I am not personally of the opinion that that is the best approach. I think every GM actually does need to sell their players on the thing they want to do. And, yes, the structure I'm proposing would mean that you do in fact need to sell your players on that experience, which may be challenging, because a lot of people are not going to respond well to a blunt explanation of what you're aiming for. I don't think sparing you that effort is a reasonable demand. I think you should have to sell your players on that--just as the GM should have to sell their players on ultra-high-magic Eberron, or on the chitin-and-sandal extremity of Dark Sun, or the pervasive horror of Ravenloft (when it's done well)--or even the gritty realpolitik of Greyhawk....or the hero-to-superhero experience of the Points of Light setting in 4e.

I don't think any of us merit special treatment in that regard. Every one of us GMs should have to sell our players on our vision. Nobody gets a free pass. Not you, not me. Otherwise, what we'd actually be saying is, "I want to have my players as a captive audience who don't get to decide whether they accept what I want to do as GM." And that sounds...pretty bad.
 

Balance is a myth. There i said it!!!

What % of people just make up their stats so they get what they want? And is what they want today for character X the same as what they might want tomorrow for character Y?

This all sounds more poignant in my head. I'm going to go eat lunch now.
I missed this post on first reading, so I'd like to ask a question. How do you define "balance"? You've said it's a myth, but what is that myth?

I have written out a long spiel...but I think it best to just say, I gave my definition for "balance" above, if you can pry it out of the logorrheic sludge I am wont to produce. TL;DR: If you can calculate a clearly superior path, it's not balanced. If calculation leaves you unable to pick a clearly superior path--if you have to actually make a value-judgment, not a calculation--then, at least in that respect, the game is balanced.

How does this compare to the myth you see?
 

Someone upthread posited that there's a trade-off between balance and freedom.

For me, it's more a trade-off between balance and interesting*. Too balanced = boring (point-buy falls squarely into this category for me). Not balanced at all = interesting*.

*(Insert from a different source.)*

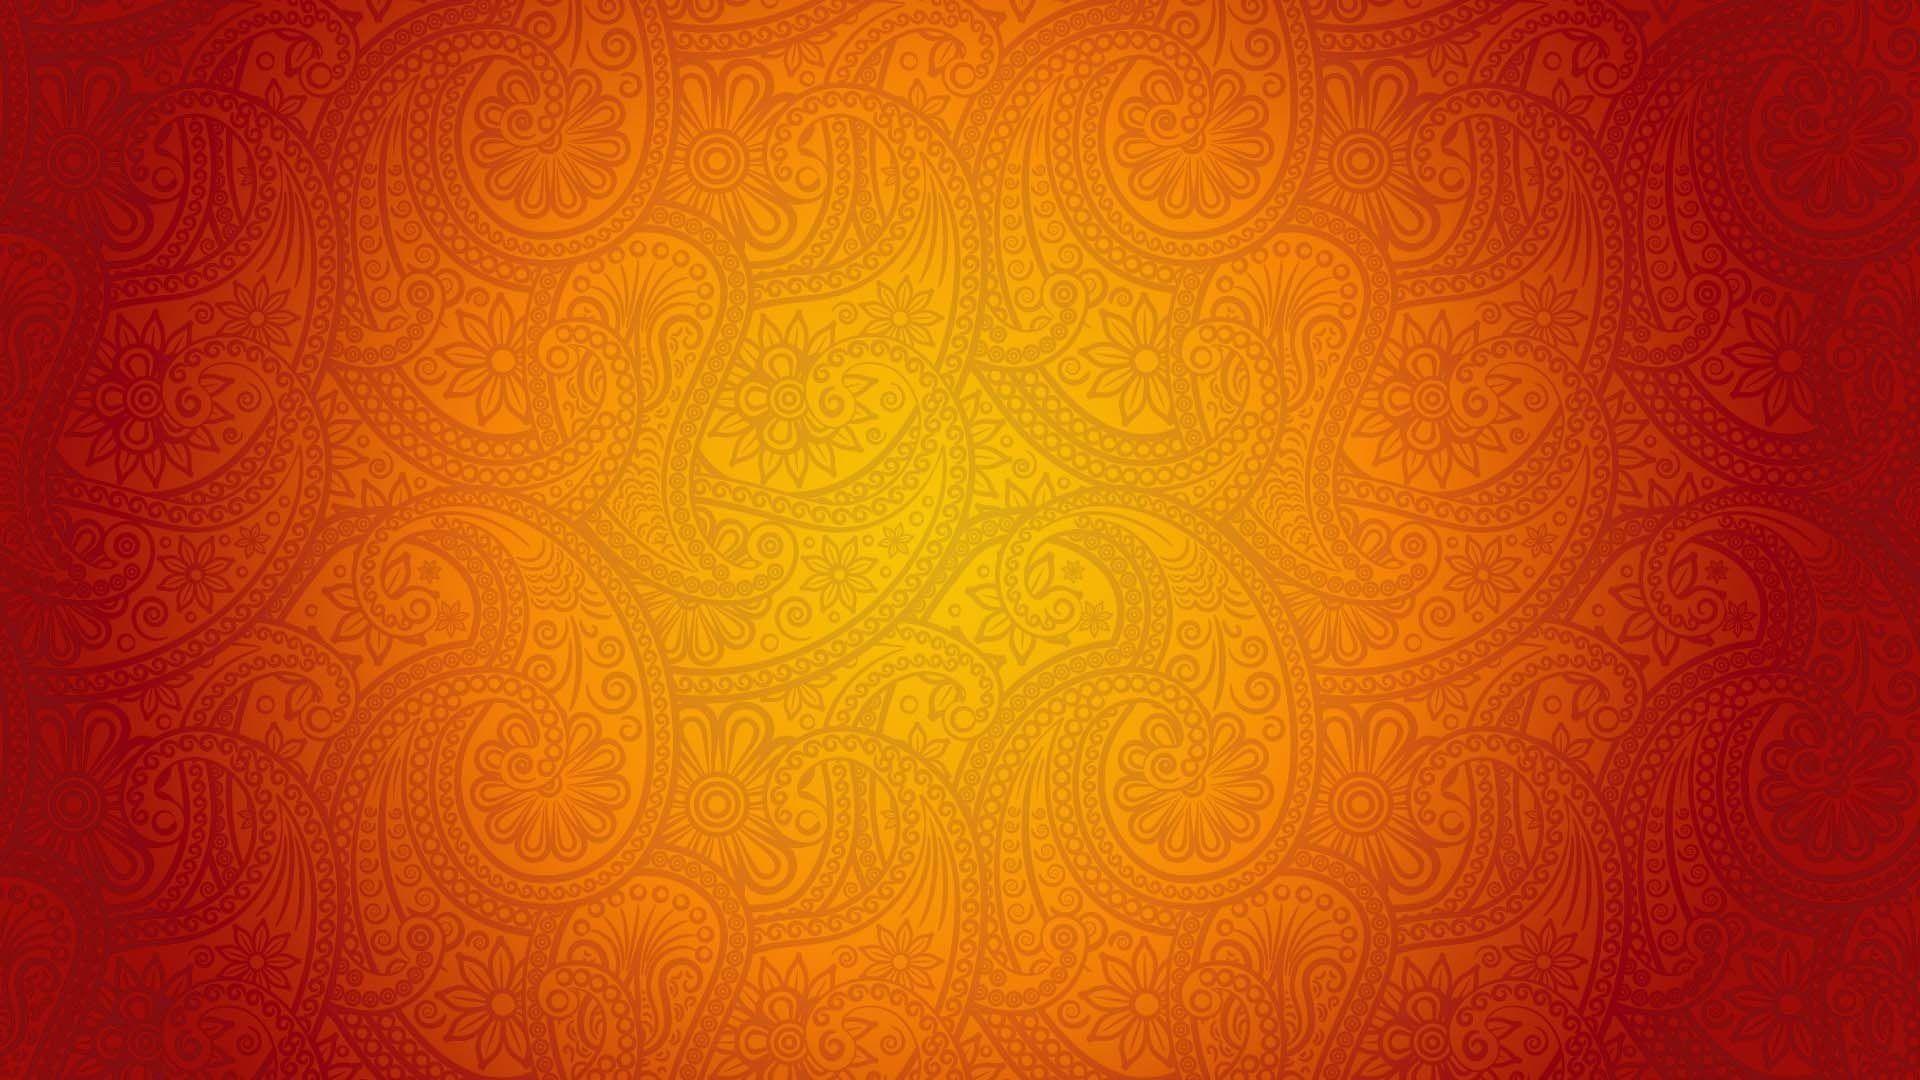 Orange Abstract Images  Free Download on Freepik

* - or enteratining, either works.
As a follow-up to my previous post:

For me, not-balanced is boring. Because an unbalanced game does one of two things. Either it makes it so your choices don't matter, because there is one clear path forward and everything else is distinctly worse, or it makes it so it literally doesn't matter what you chose, you cannot actually affect the outcome, it's all decided for you. Either way, it bores me to tears.

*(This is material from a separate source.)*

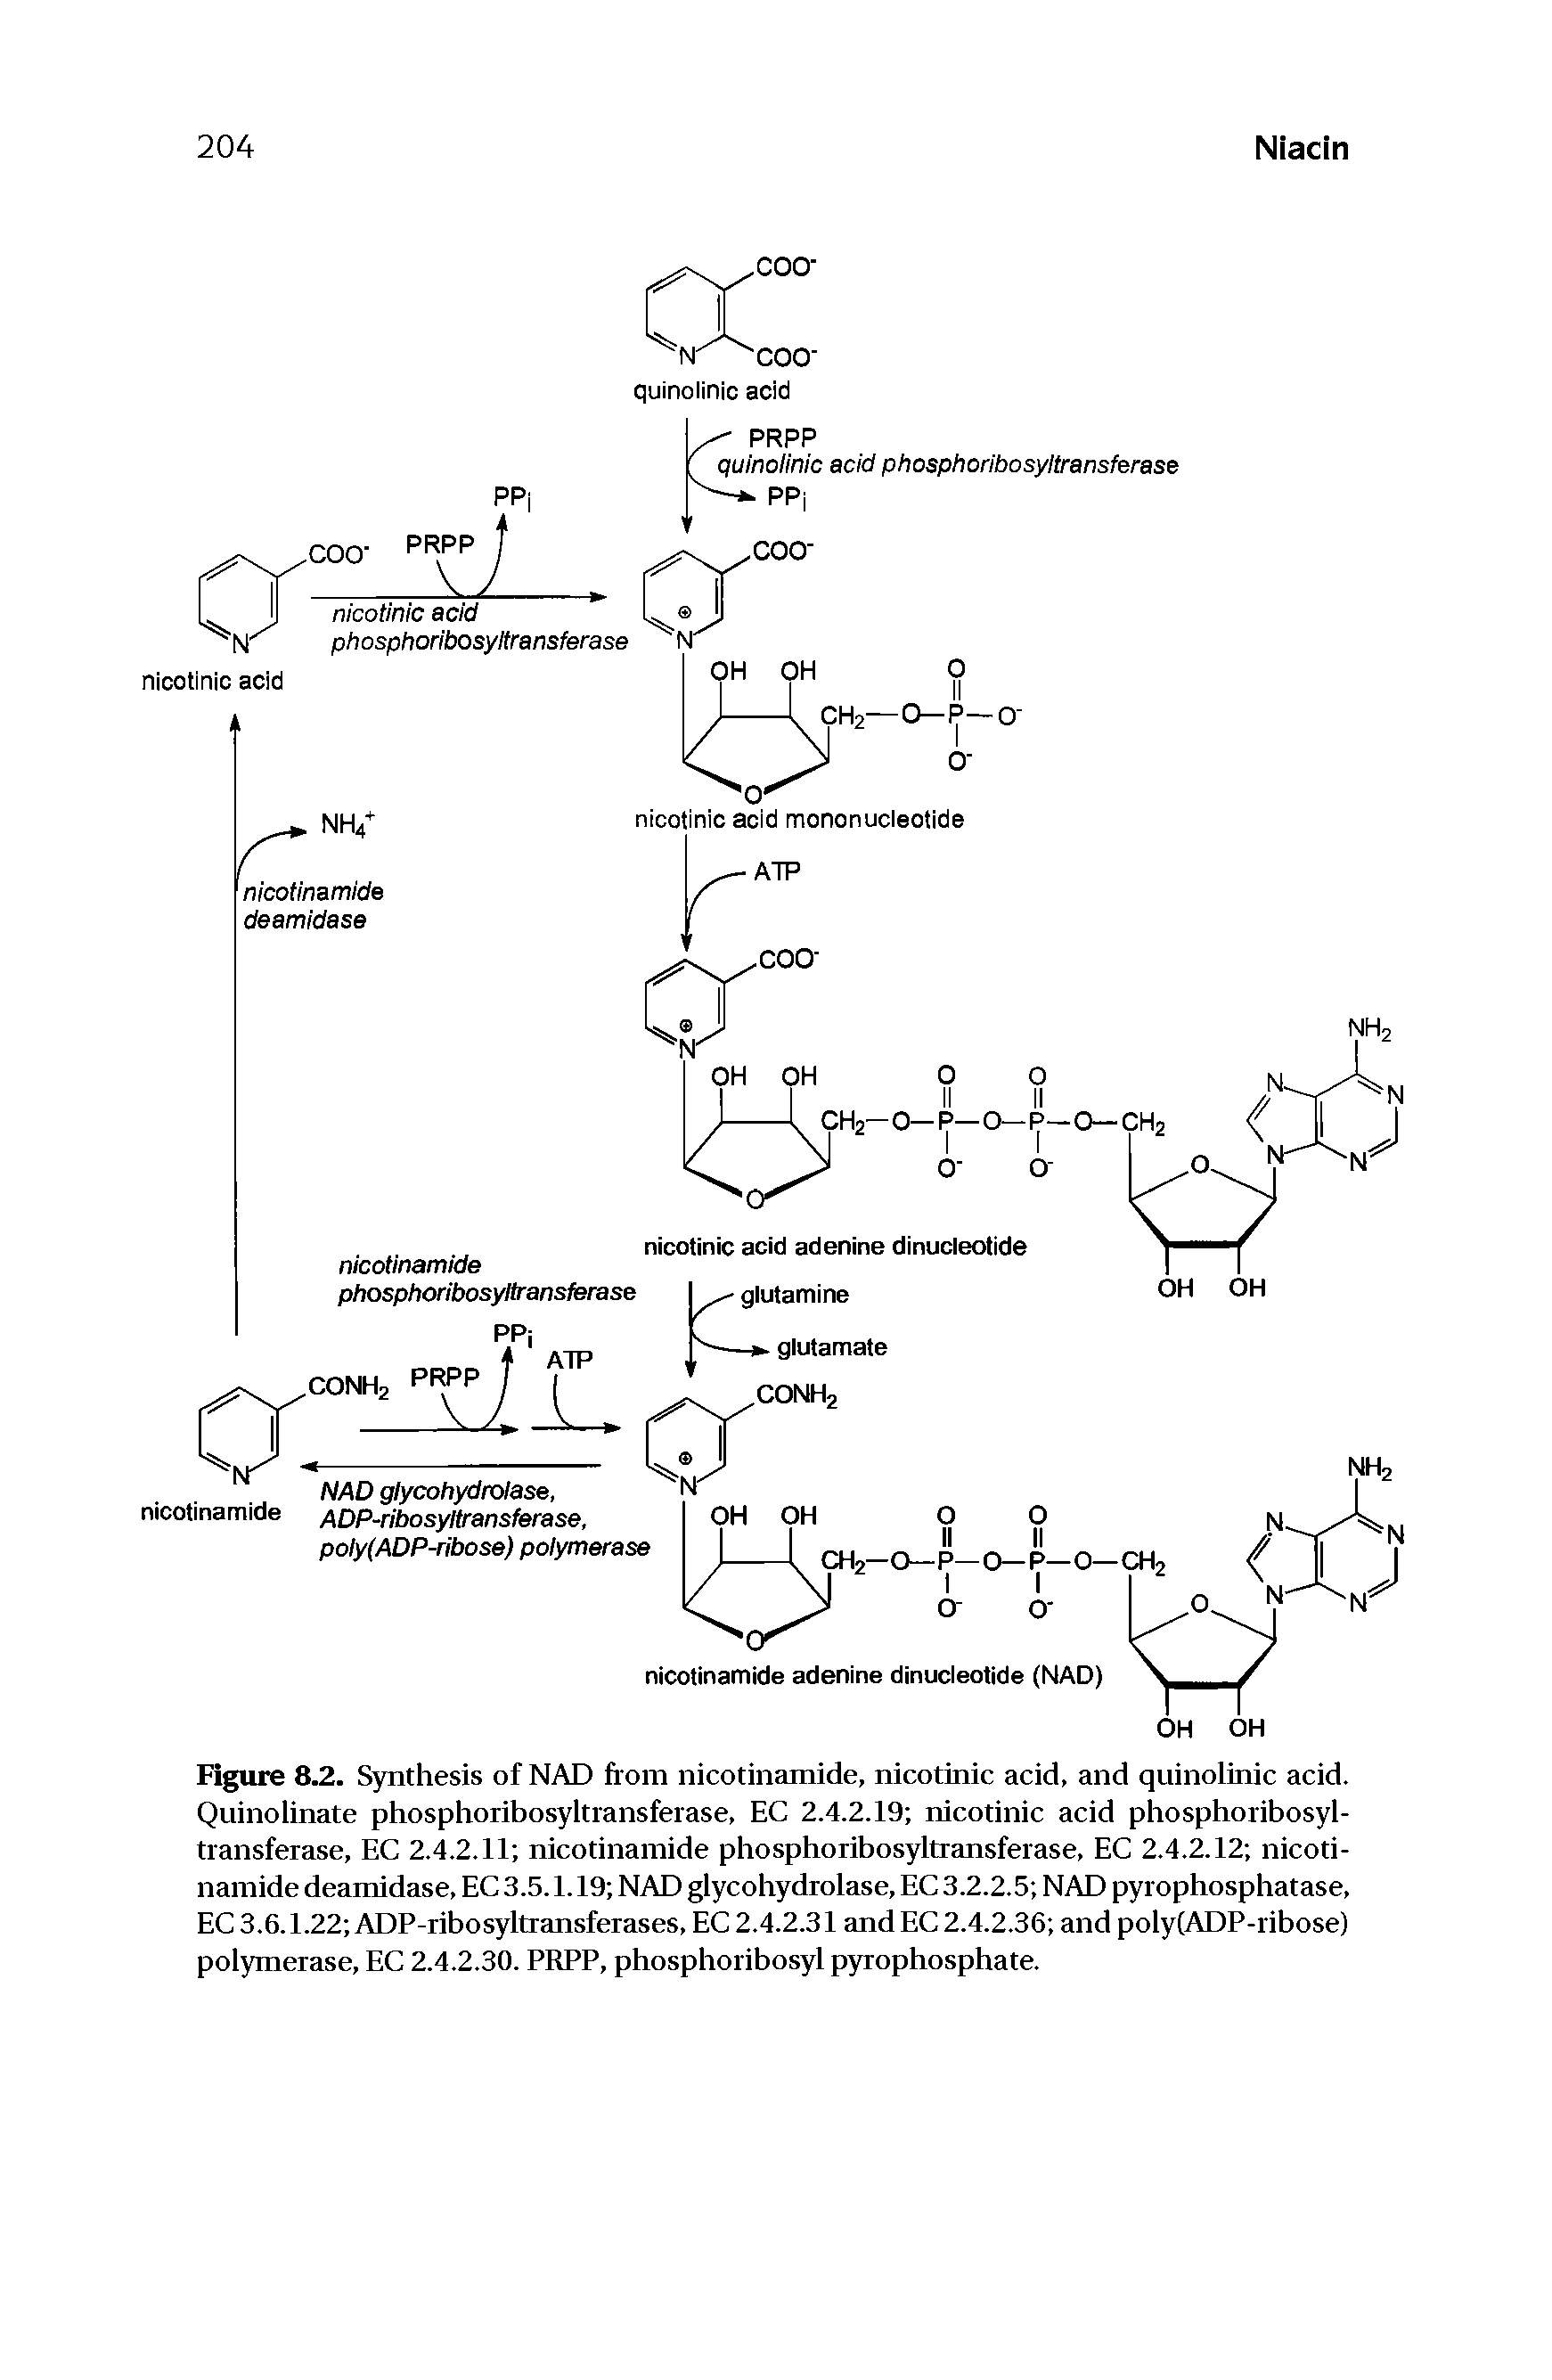 Figure 8.2. Synthesis of NAD from nicotinamide, nicotinic acid, and quinolinic acid. Qiiinolinate phosphoribosyltransferase, EC 2.4.2.19 nicotinic acid phosphoribosyl-transferase, EC 2.4.2.11 nicotinamide phosphoribosyltransferase, EC 2.4.2.12 nicotinamide deamidase, EC 3.5.1.19 NAD glycohydrolase, EC 3.2.2.5 NAD pyrophosphatase, EC3.6.1.22 ADP-ribosyltransferases, EC 2.4.2.31 and EC 2.4.2.36 and poly(ADP-ribose) polymerase, EC 2.4.2.30. PRPP, phosphoribosyl pyrophosphate.

An asymmetrically balanced game, however, IS interesting. Because my choices, that is, the player's choices--tastes, situational awareness, the things the player personally values--are the primary difference between success and failure. That means when I fail, it's because I failed--it's not simply because some stupid dice said "hahahaha nope". It's not because the GM abused a stupid combination, or overlooked something. It's not because I think cheese is awesome and so I chose to be a Cheesemonger, when everyone knows Cheesemongers suck and I should've been a Pastamancer.

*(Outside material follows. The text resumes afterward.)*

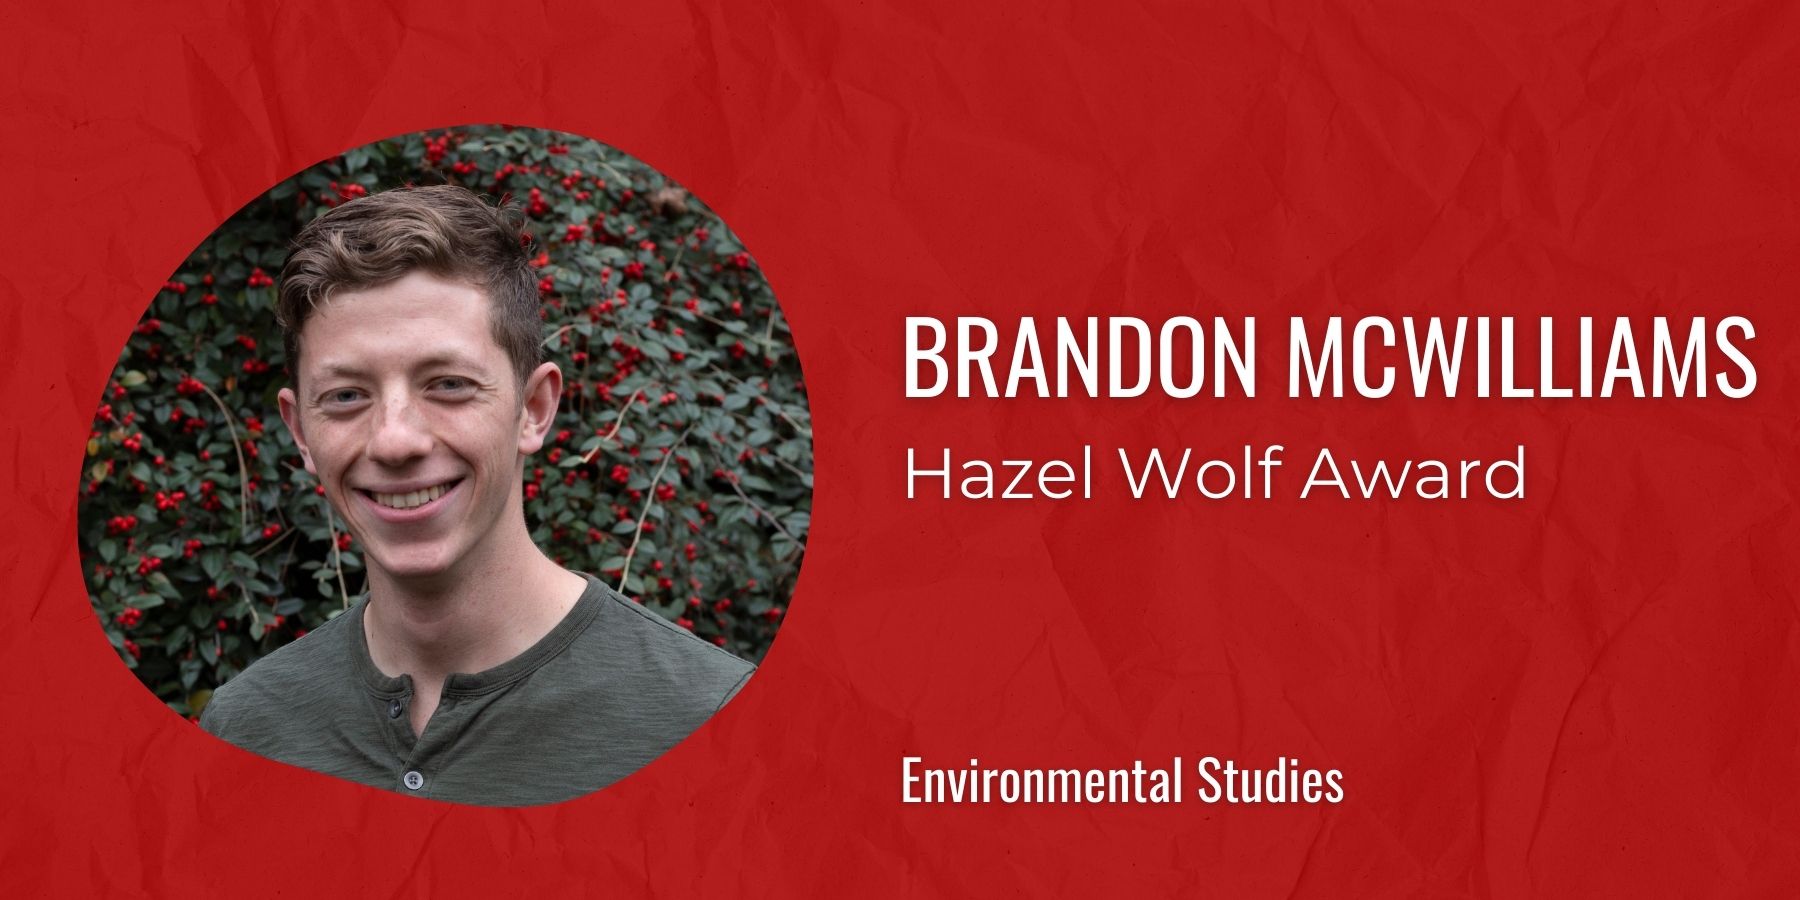 Brandon McWilliams with text: Hazel Wolf Award, Environmental Studies

It's failure because I earned failure--and I get some, limited, space to actually learn from that failure, rather than just "HA HA, you failed, go suck eggs!!!" Which is precisely how I feel about every single game that goes for hardcore lethality, zero wiggle room, and maximum swinginess. The game mocks me for being dumb without ever giving me the chance to not be dumb, and then adds insult to injury by saying that I wouldn't be dumb if I just chose the obviously powerful options.